Царь был потрясен. Он тотчас отправил гонца к Никону, настаивая на его немедленном приезде. 14 декабря Никон покинул Новгород. Близ Торжка он встретил нового гонца с царским наказом: спешить, спешить! Царь прямо-таки сгорал от желания поделиться с «собинным другом» пережитым. По-видимому, именно тогда созрело решение об открытии и освидетельствовании мощей угодника Саввы, более ста лет назад причисленного к лику святых.
Характерно, что сама мысль об открытии мощей Саввы не была нова. Есть известия, что первой должна была совершить это… Марина Мнишек. Так первый Самозванец будто бы собирался упрочить авторитет царицы-католички[177]. Трудно сказать, насколько это известие достоверно. Но в нем бесспорно отразилось особое почитание чудотворца. Этим же можно объяснить стремление Романовых придать культу Саввы общегосударственное значение. Новая династия, почитая «старых» святителей, стремилась прибавить к этому ряду и «своего», особо чтимого и особо выдвигаемого святого.
Позднее преподобный Савва еще не раз будет являться в видениях к Алексею Михайловичу. В 1654 году, двигаясь на Смоленск, царь остановится на ночлег в деревне Наре. Здесь царю будет видение старца Саввы, который поведает ему о грядущих победах над поляками и литовцами. Поутру в монастырь за образом Саввы тотчас будут снаряжены люди — икона займет почетное место среди святынь, сопровождавших войско. Предсказание сбудется, царские полки войдут в Смоленск, и в благодарность Тишайший пожалует Сторожевской обители Нару.
Обретение мощей святого Саввы произошло в начале 1652 года. 17 января в обитель прибыл Алексей Михайлович вместе с патриархом Иосифом, митрополитом Никоном, царицей, боярами и духовенством. 19 января мощи святого были открыты и положены в новую дубовую гробницу. Возвышенно-эмоциональное состояние молодого государя, по-видимому, позволило Никону высказаться за продолжение церковных торжеств. Царь охотно согласился. Было решено перенести в Успенский собор прах трех выдающихся московских архипастырей — патриархов Иова и Гермогена и митрополита Филиппа Колычева. Подбор имен выдает грандиозный замысел устроителей церемонии. То были иерархи-страдальцы, принявшие мучения и смерть за православную веру и церковь.

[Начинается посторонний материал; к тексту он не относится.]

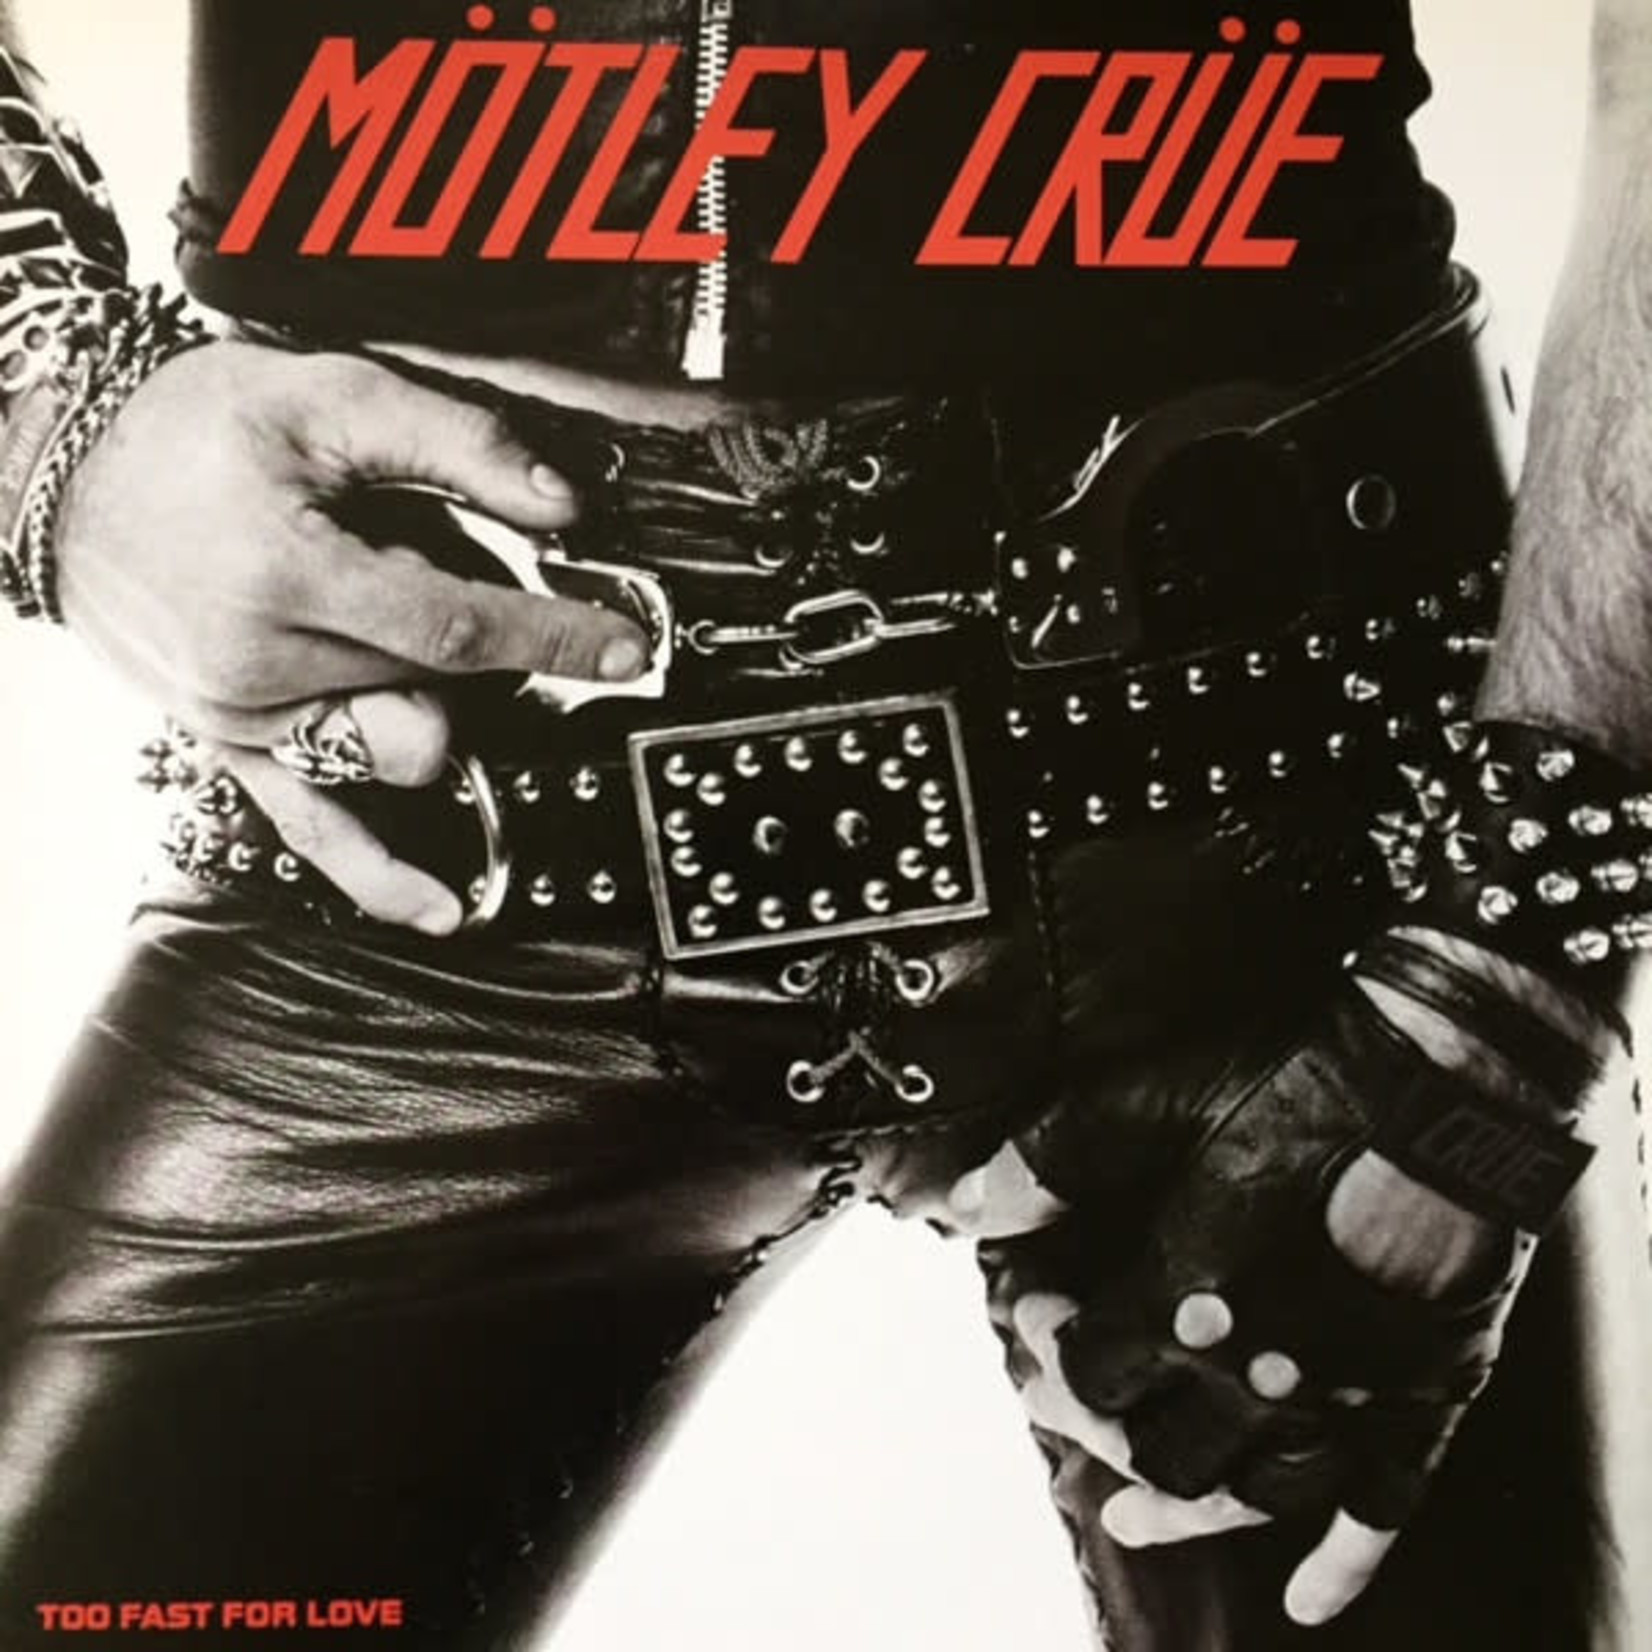 [Vintage] Motley Crue - Too Fast for Love (reissue)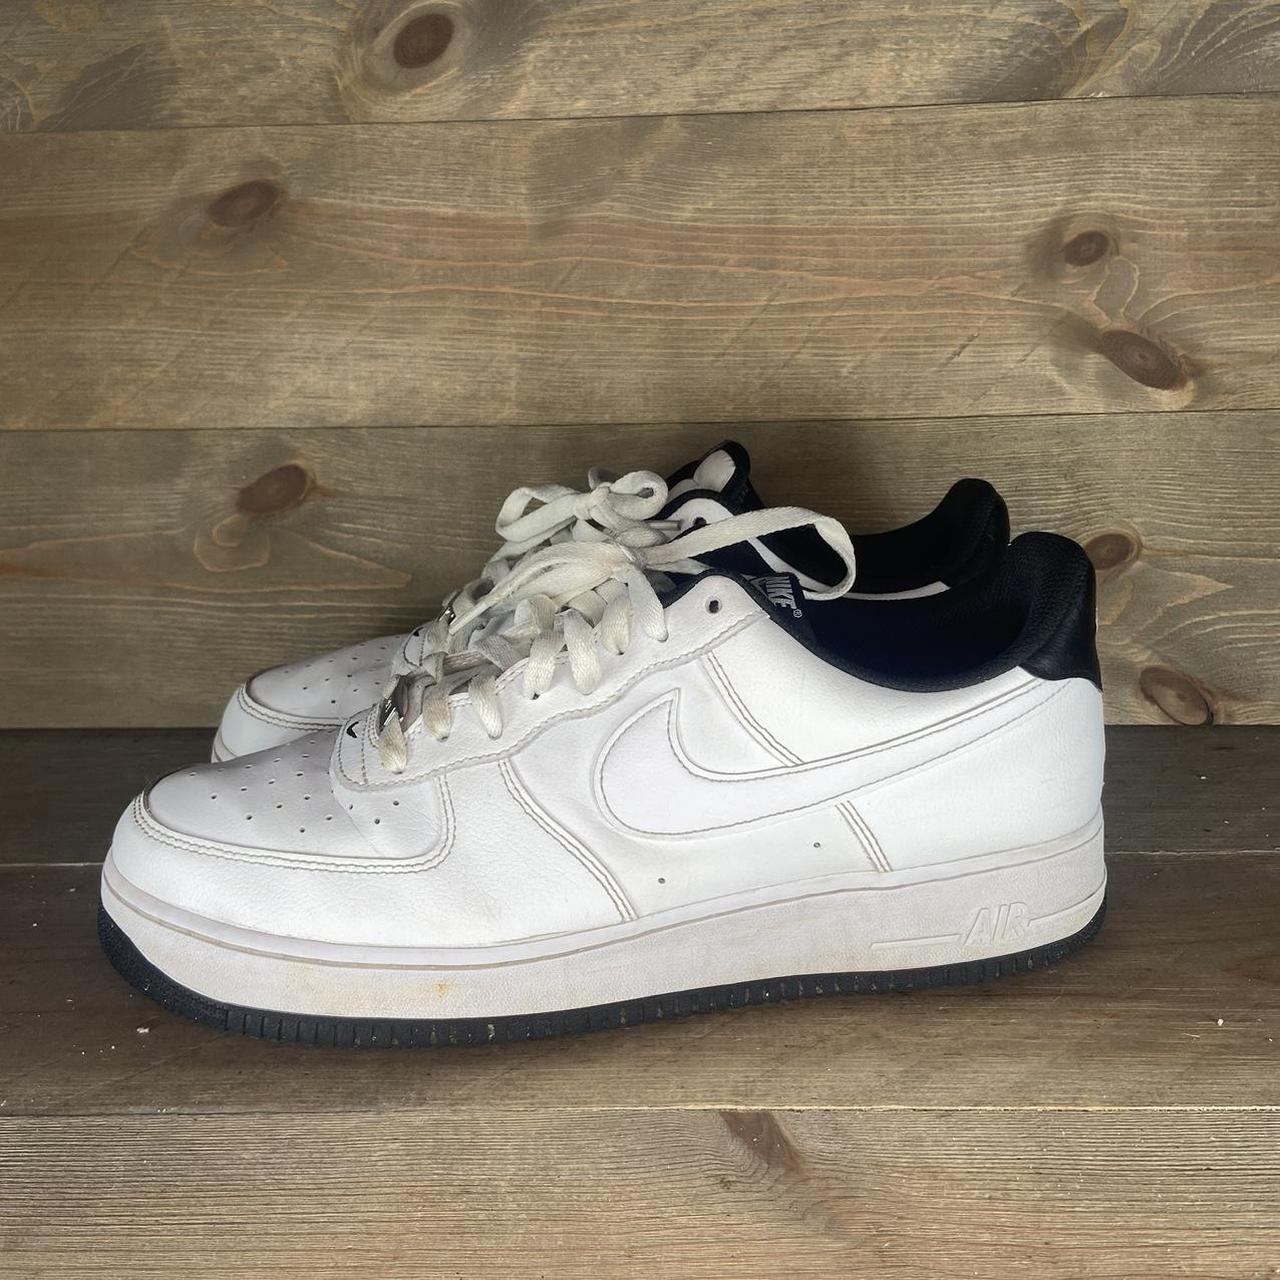 Nike Air Force One Low White Sneaker For Men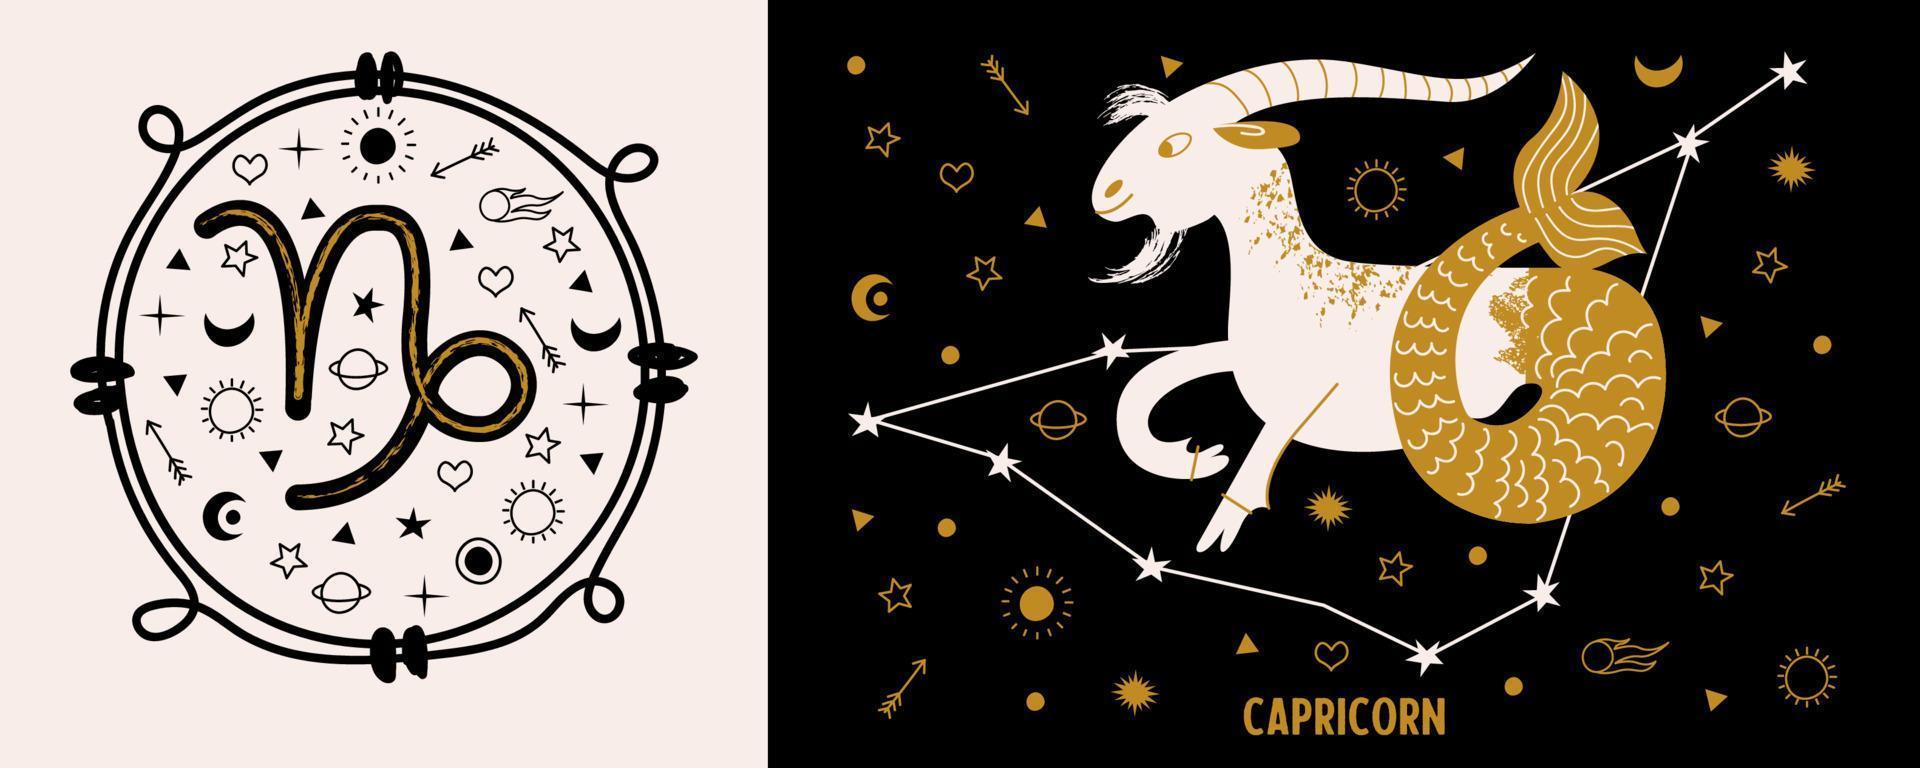 Capricorn is a sign of the zodiac. Horoscope and astrology. Vector ...

Иов был первым московским патриархом, тесно связанным с Борисом Годуновым. Естественно, что восторжествовавшему Лжедмитрию он оказался неугоден. По приказу Самозванца Иов был сведен с патриаршего престола и отправлен в Старицкий монастырь, где скончался в 1607 году.
Другим страстотерпцем стал московский патриарх Гермоген, отличавшийся необычайной твердостью и силой духа. Еще будучи казанским митрополитом, он осмелился требовать перекрещивания Марины Мнишек, за что поплатился ссылкой. Возведенный при Василии Шуйском в патриархи, Гермоген оказался чуть ли не единственным, кто осудил низложение царя-неудачника. Не потому, что питал слабость к «боярскому царю», а потому что предугадывал катастрофические последствия подобного шага. Когда настал черед избрания королевича Владислава, то Гермоген выставил непременным условием принятие королевичем православной веры. Нарушение польской стороной этой статьи позволило патриарху освободить русских людей от клятвоцелования Владиславу. Тогда же Гермоген призвал всех православных к защите веры и к борьбе с интервентами. Призыв не остался неуслышанным: ранней весной 1611 года под Москвой появилось Первое ополчение.
Позднее, после распада Первого ополчения, когда для очищения столицы в Нижнем было создано новое ополчение, поляки и их сторонники из числа русских «доброхотов» стали понуждать патриарха отказать ополченцам в благословении. Гермоген в ответ пригрозил анафемой противникам князя Пожарского. Дело будто бы дошло до обнаженного ножа в руках Михаила Салтыкова, с которым тот бросился на «столпа веры». Патриарх не дрогнул — оборонился крестом и проклял своих мучителей. Тогда Гермогена, «безчестно связавши», сволокли с патриаршего двора в Чудов монастырь. Умер он в феврале 1612 года, уморенный голодом, но непокоренный и несмирившийся.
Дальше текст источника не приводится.